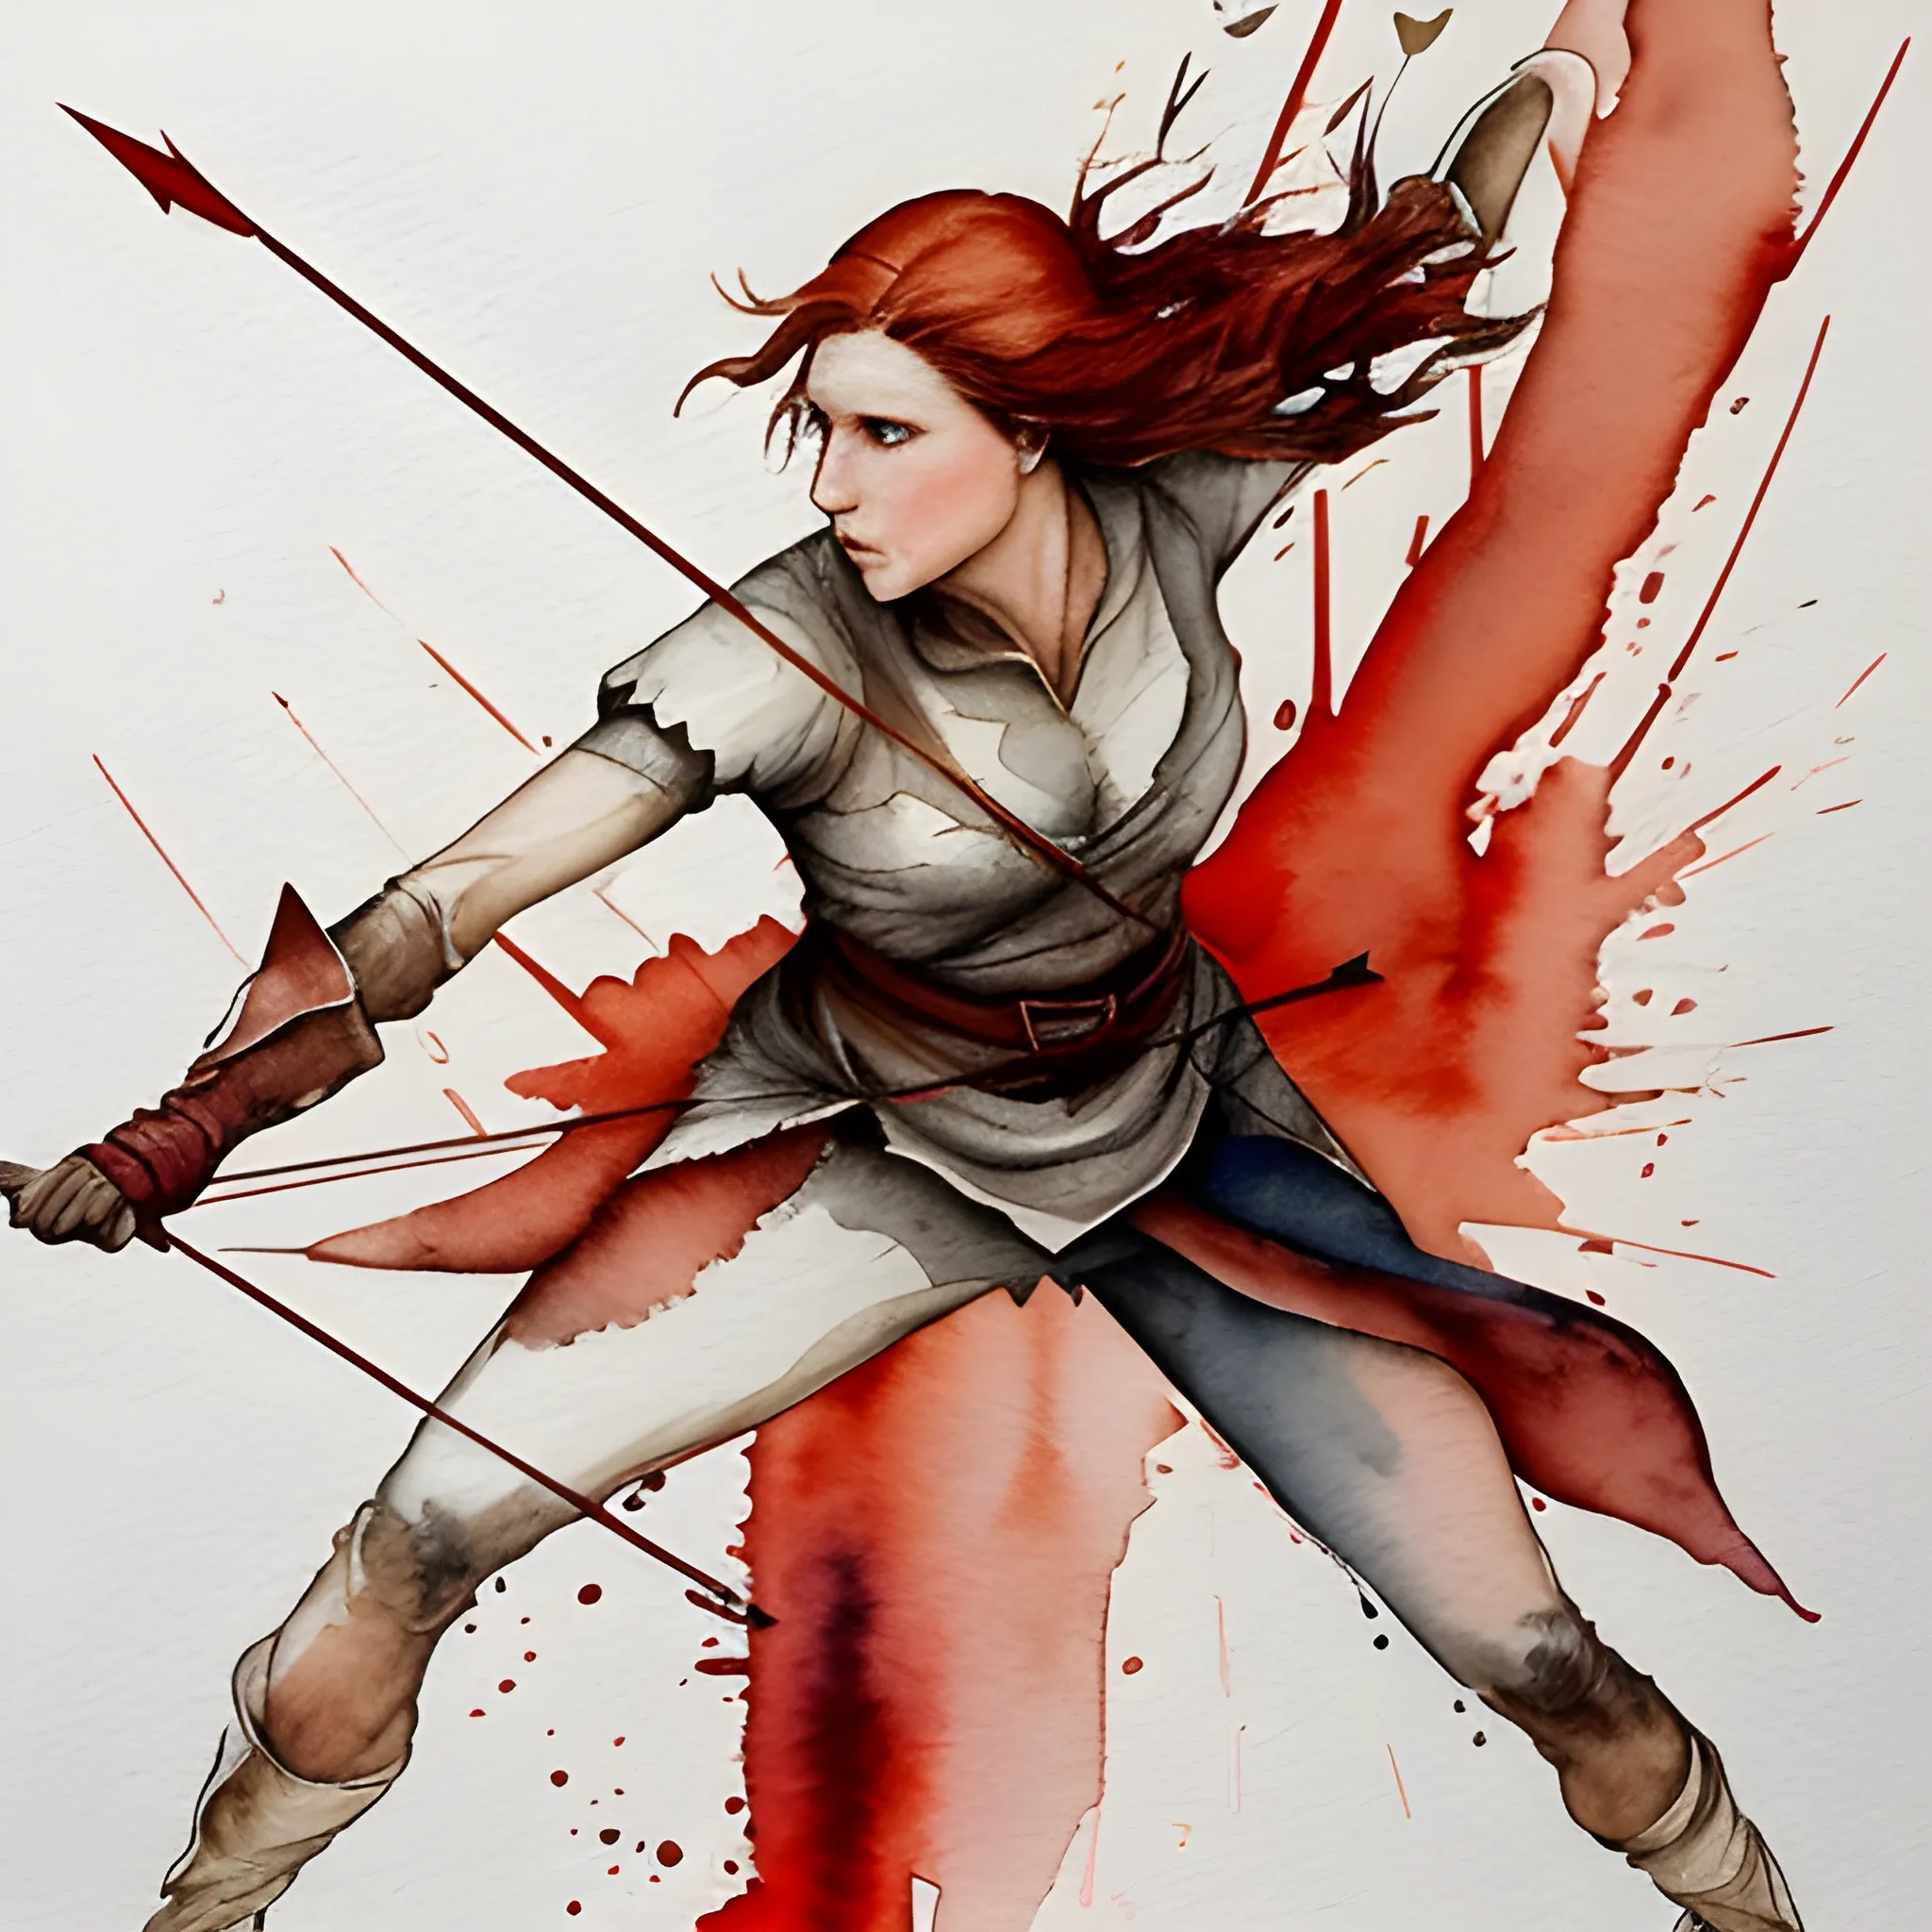 Create a watercolor painting of a woman dodging arrows in an artistic style. The drawing should be predominantly in shades of red. The woman should be dodging arrows flying towards her from different directions. Make her expression reflect determination and bravery as she avoids the arrows. The scene should convey a sense of action and dange
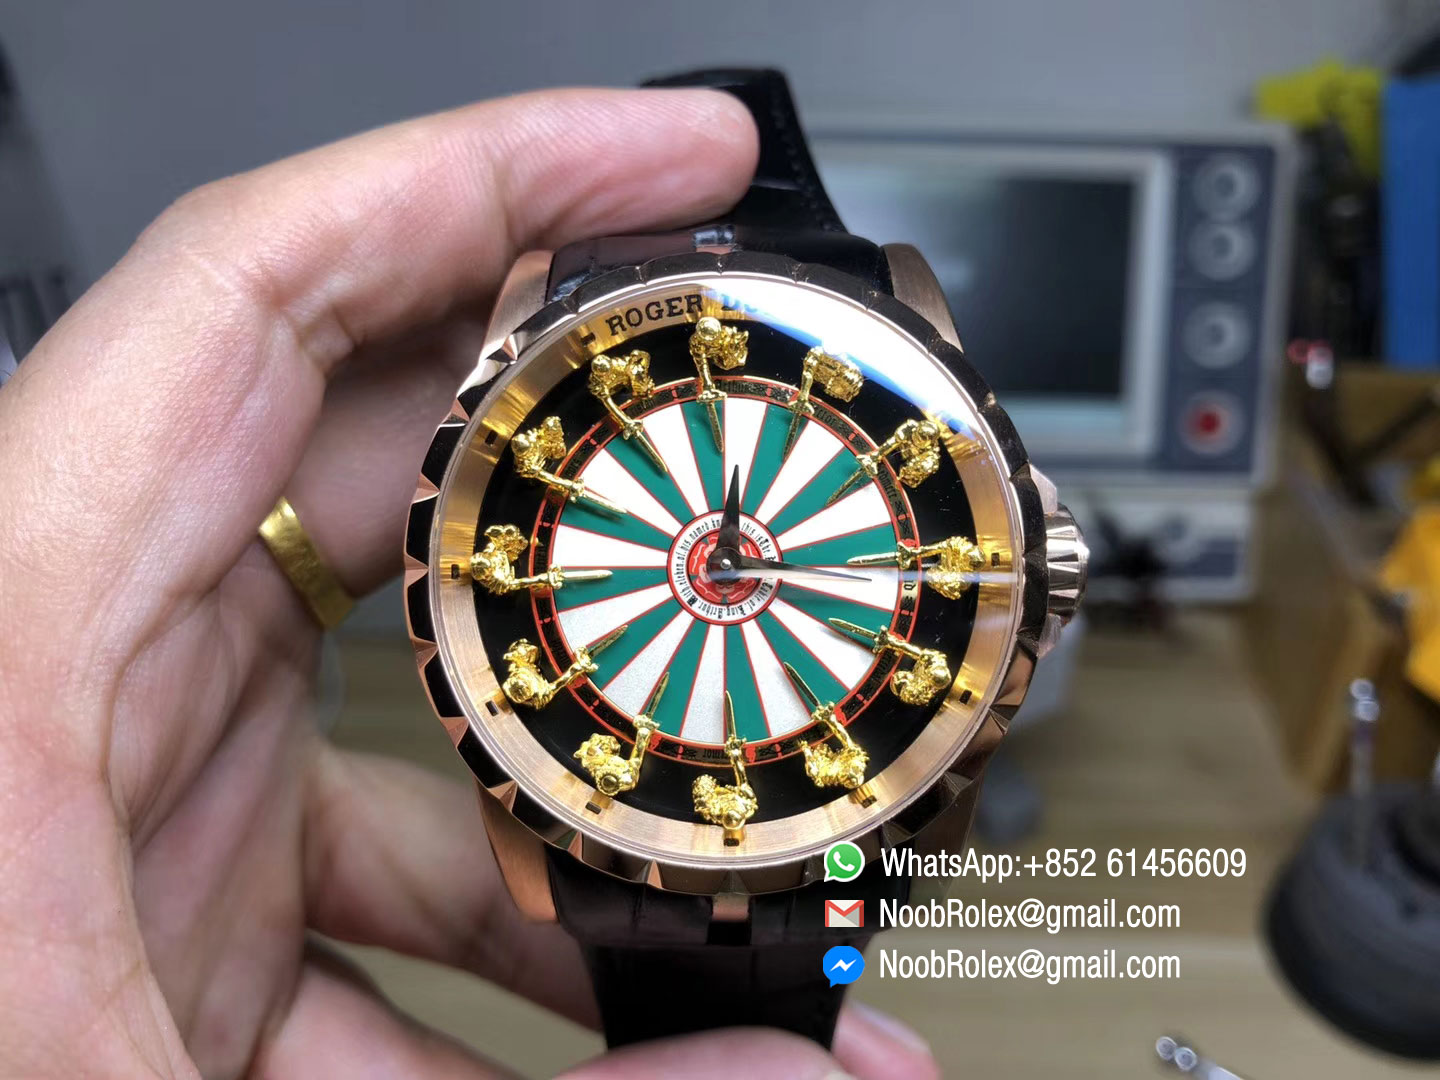 Часы рыцари круглого. Roger Dubuis Рыцари круглого стола. Roger Dubuis Excalibur Knights of the Round Table 2. Roger Dubuis Excalibur Knights Round Table 45 rddbex0511.
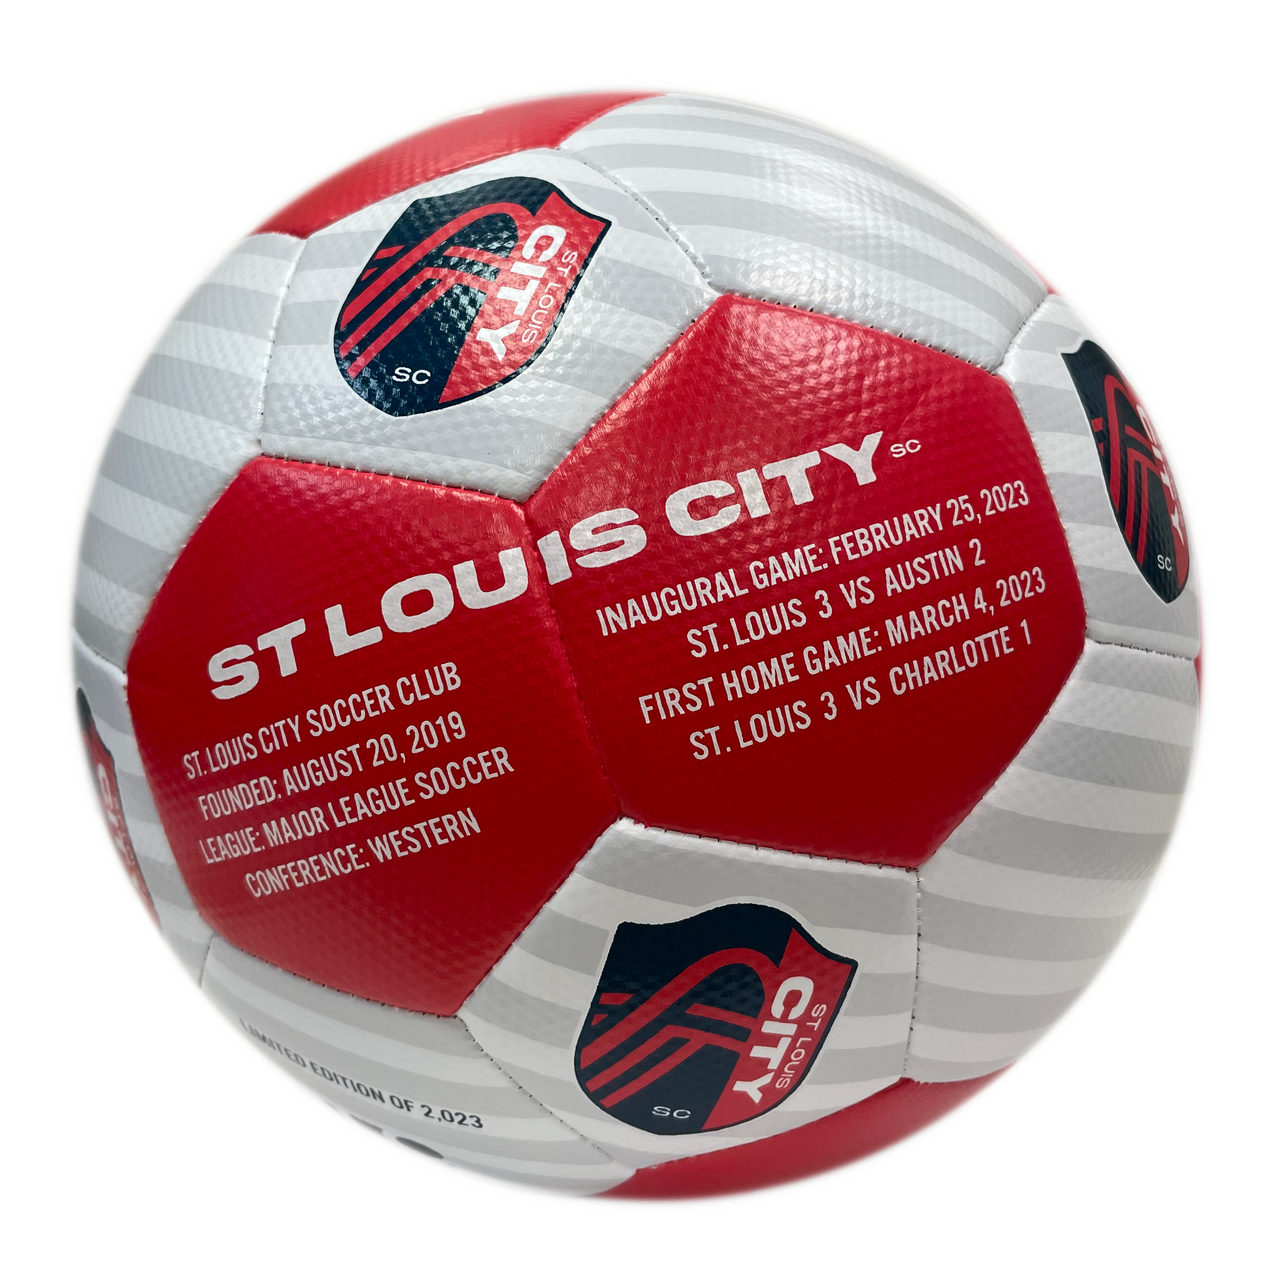 Five things to know for the inaugural St. Louis CITY SC season

====================

## To do:
Using the material above, set down every line exactly, but skip the pictures.

## Your solution:
 Create a watercolor painting of a woman dodging arrows in an artistic style. The drawing should be predominantly in shades of red. The woman should be dodging arrows flying towards her from different directions. Make her expression reflect determination and bravery as she avoids the arrows. The scene should convey a sense of action and dange
 Часы рыцари круглого. Roger Dubuis Рыцари круглого стола. Roger Dubuis Excalibur Knights of the Round Table 2. Roger Dubuis Excalibur Knights Round Table 45 rddbex0511.
 Five things to know for the inaugural St. Louis CITY SC season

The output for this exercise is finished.